__WHAT IS REQUIRED__:
So long as no pictures are carried over, output the records below exactly.

[Excerpts from a dataset]
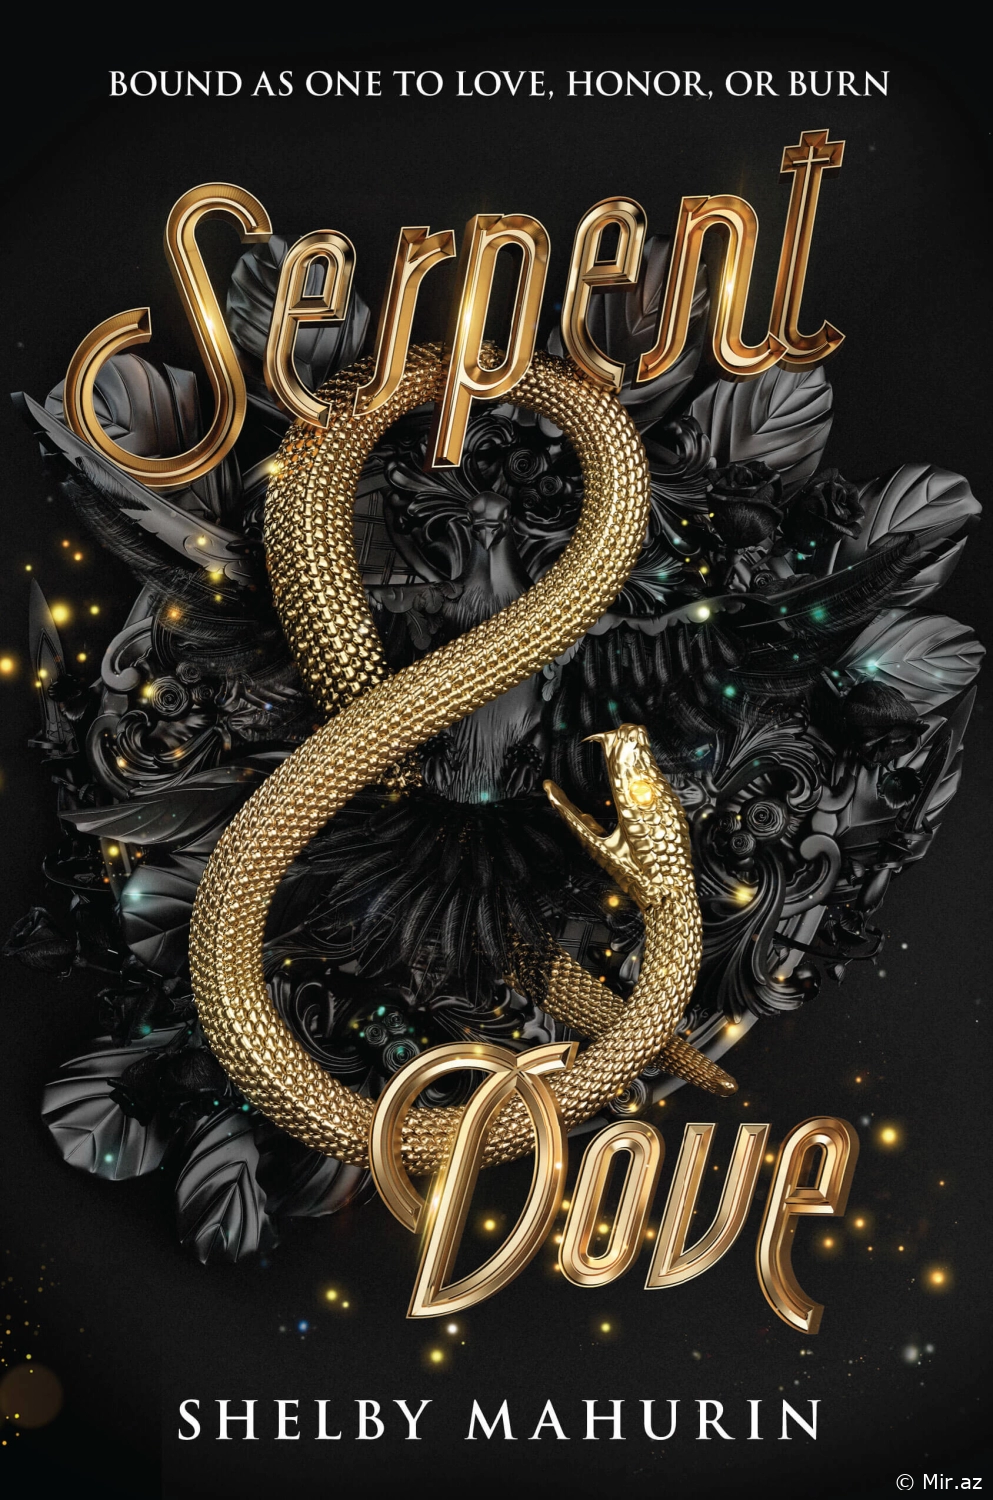 Shelby Mahurin "Serpent & Dove" PDF
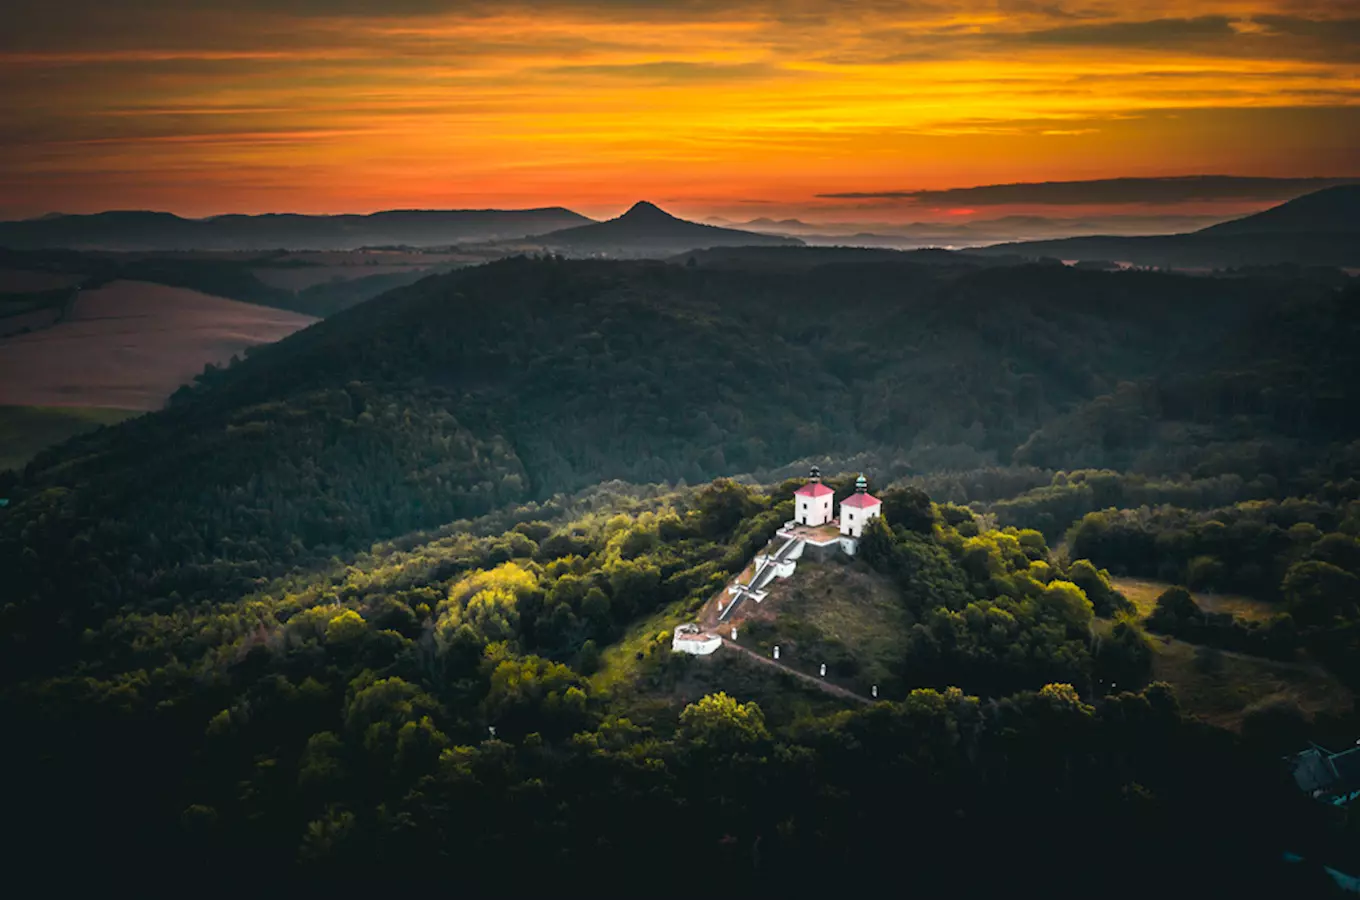 Kam na výlet do přírody v okolí Ústí nad Labem? Lákají hory, strmá údolí a malebná skalní města
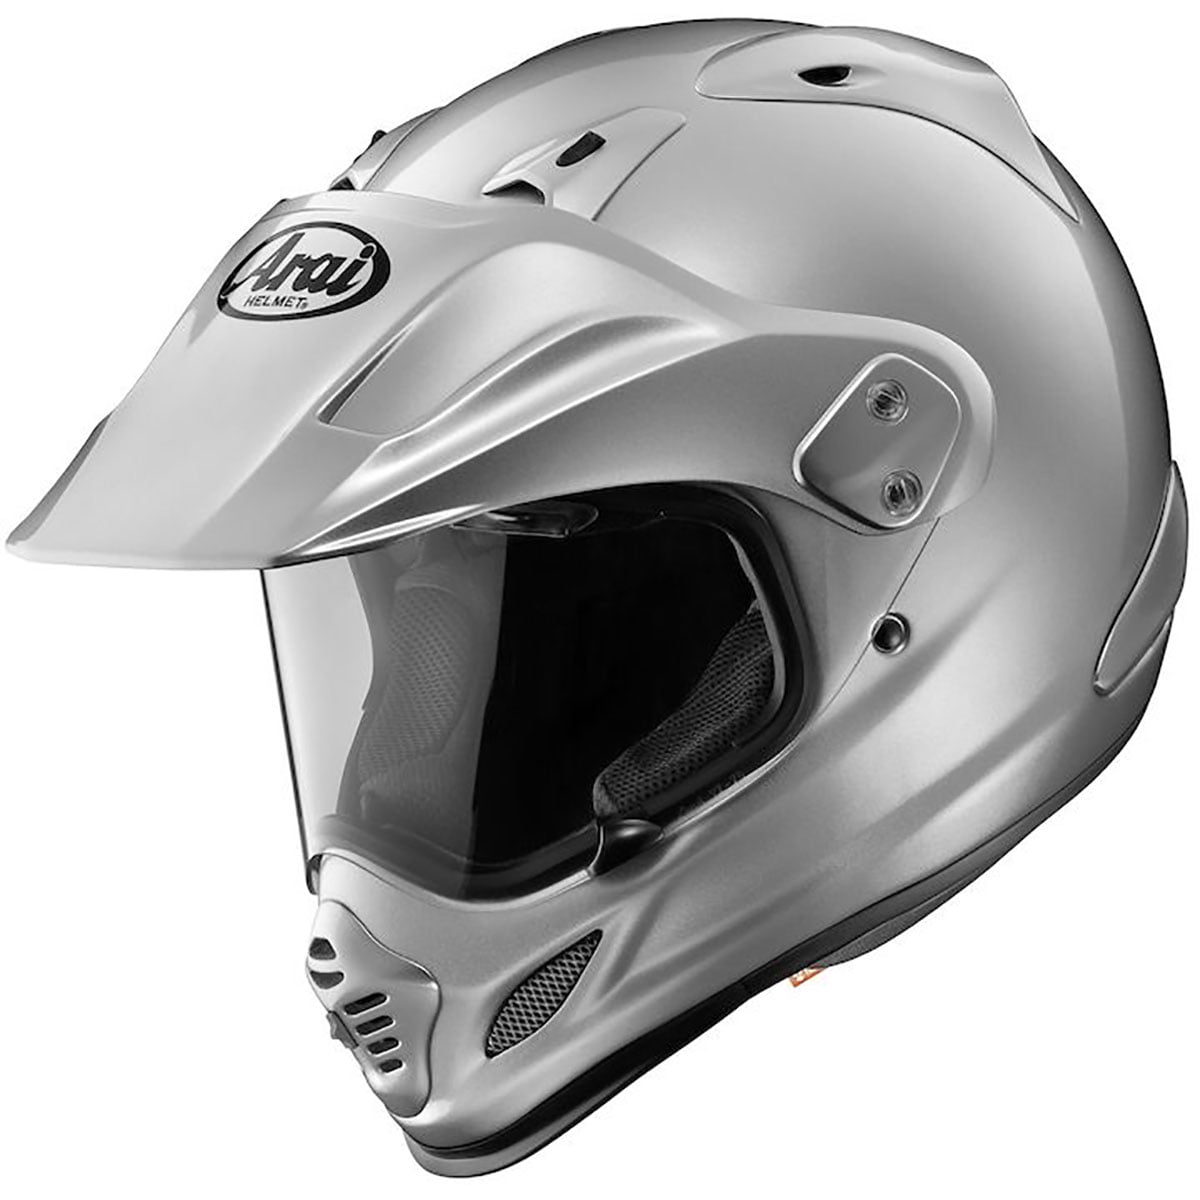 Arai Helmets Astral SZ/m SZ/c Classic/m Classic/c Rear Vents Set Blem FF3 
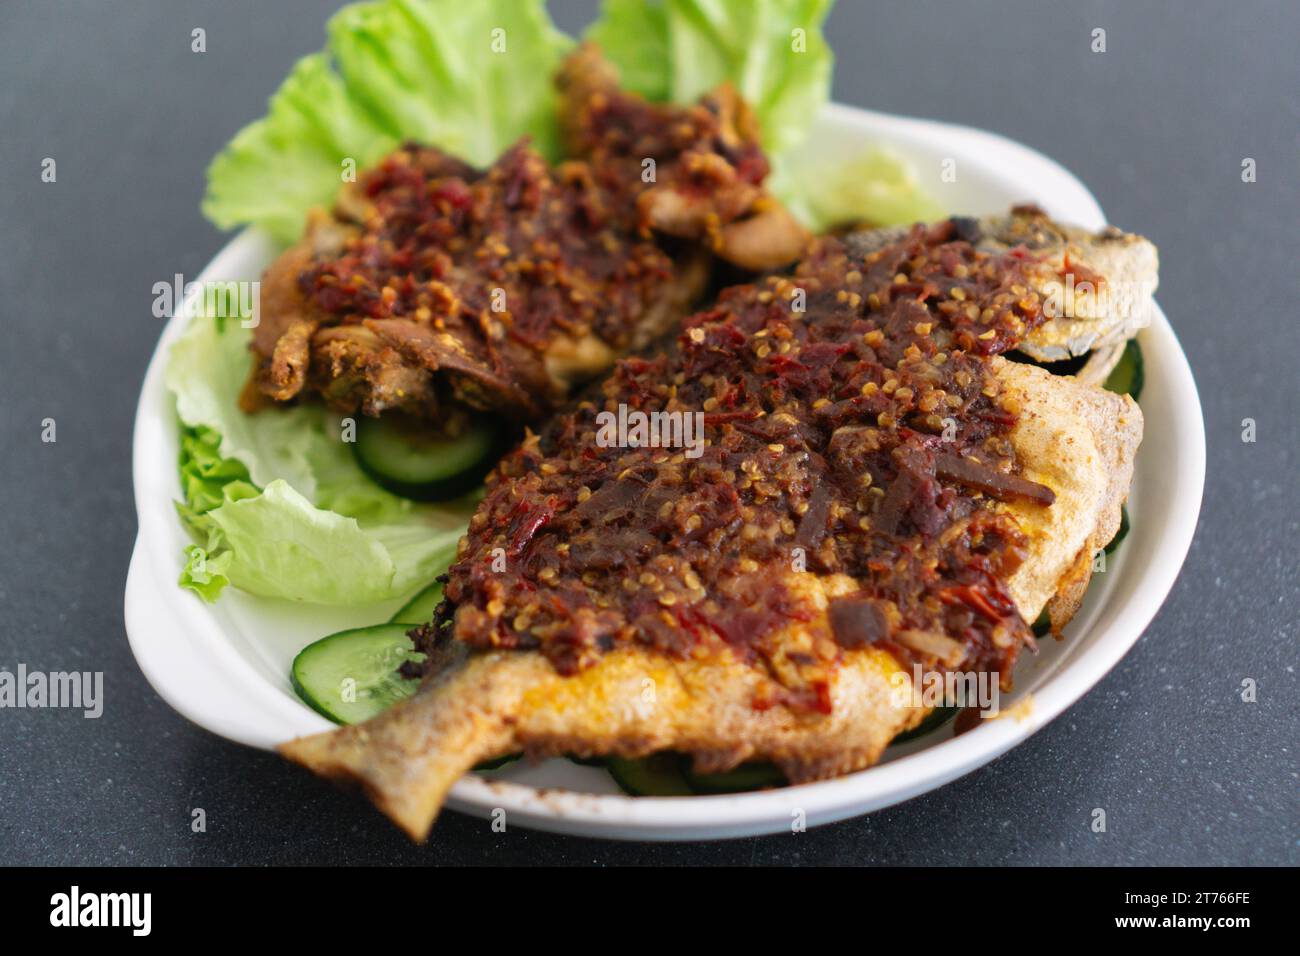 Ikan Goreng Masak Sambal, gebratener Fisch mit Chilipaste. Traditionelles indonesisches und malaysisches Gericht Stockfoto
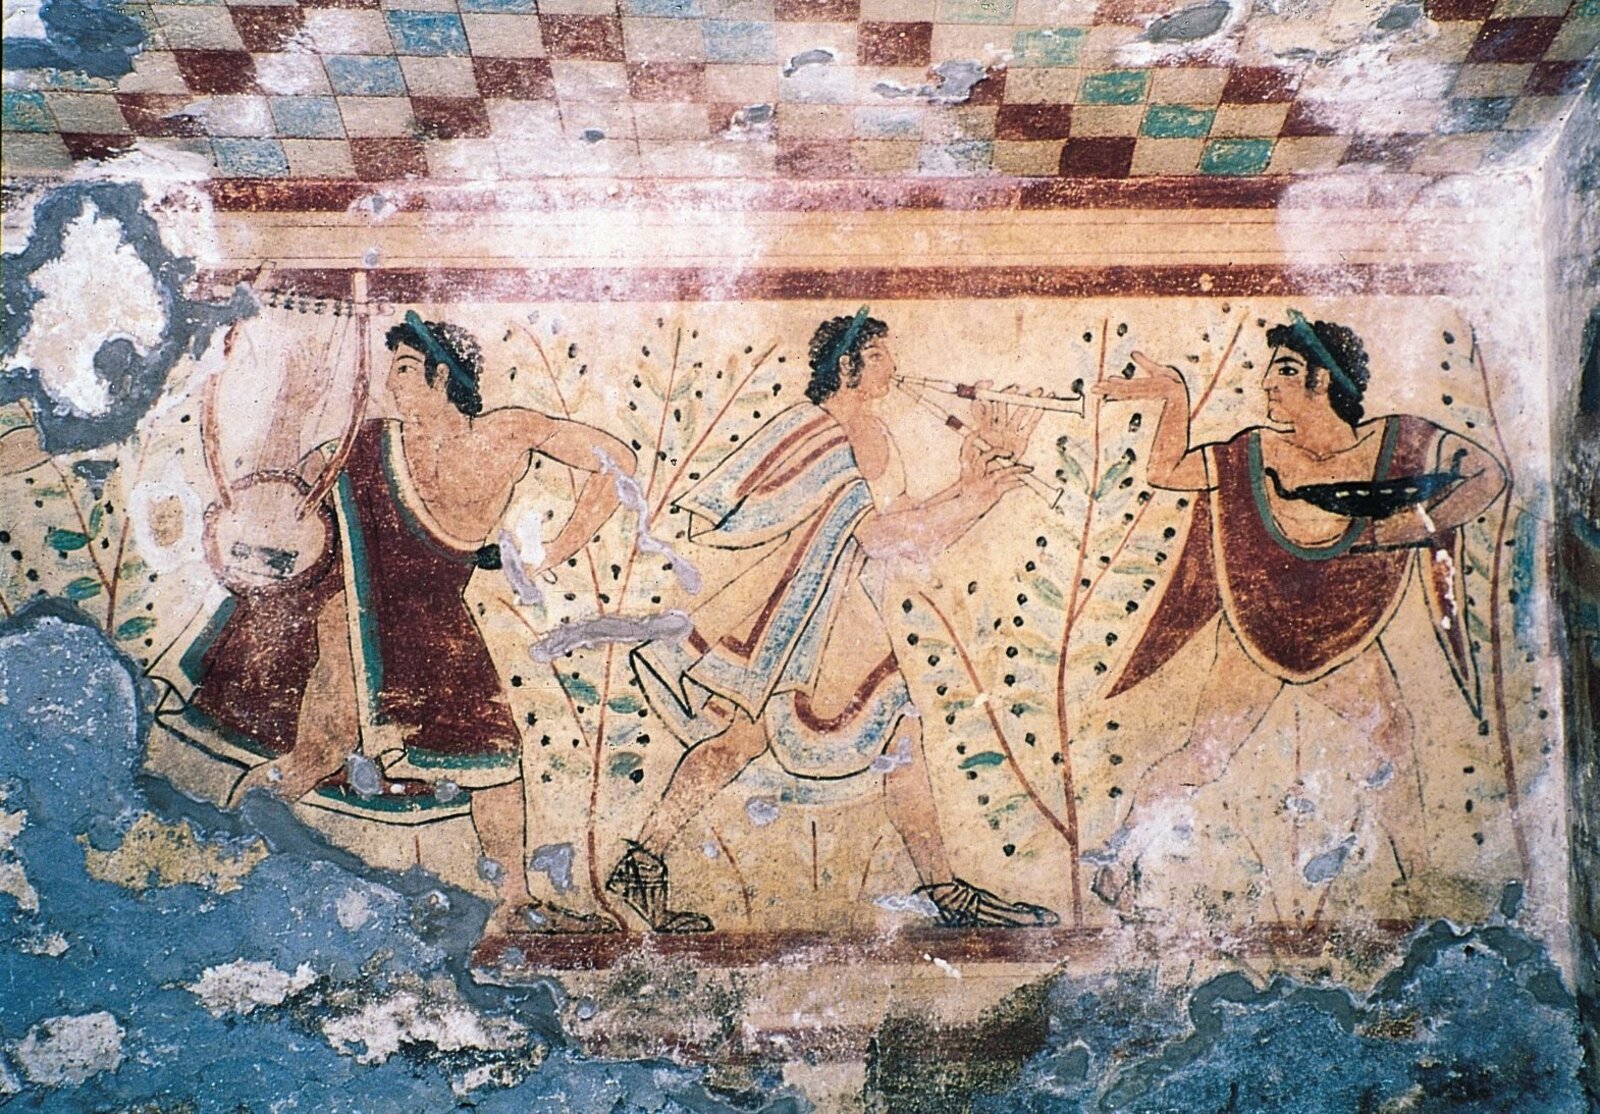 Фрески Древней Греции

__ANSWER BELOW__:
 Shelby Mahurin "Serpent & Dove" PDF
 Kam na výlet do přírody v okolí Ústí nad Labem? Lákají hory, strmá údolí a malebná skalní města
 Arai Helmets Astral SZ/m SZ/c Classic/m Classic/c Rear Vents Set Blem FF3 
 Ikan Goreng Masak Sambal, gebratener Fisch mit Chilipaste. Traditionelles indonesisches und malaysisches Gericht Stockfoto
 Фрески Древней Греции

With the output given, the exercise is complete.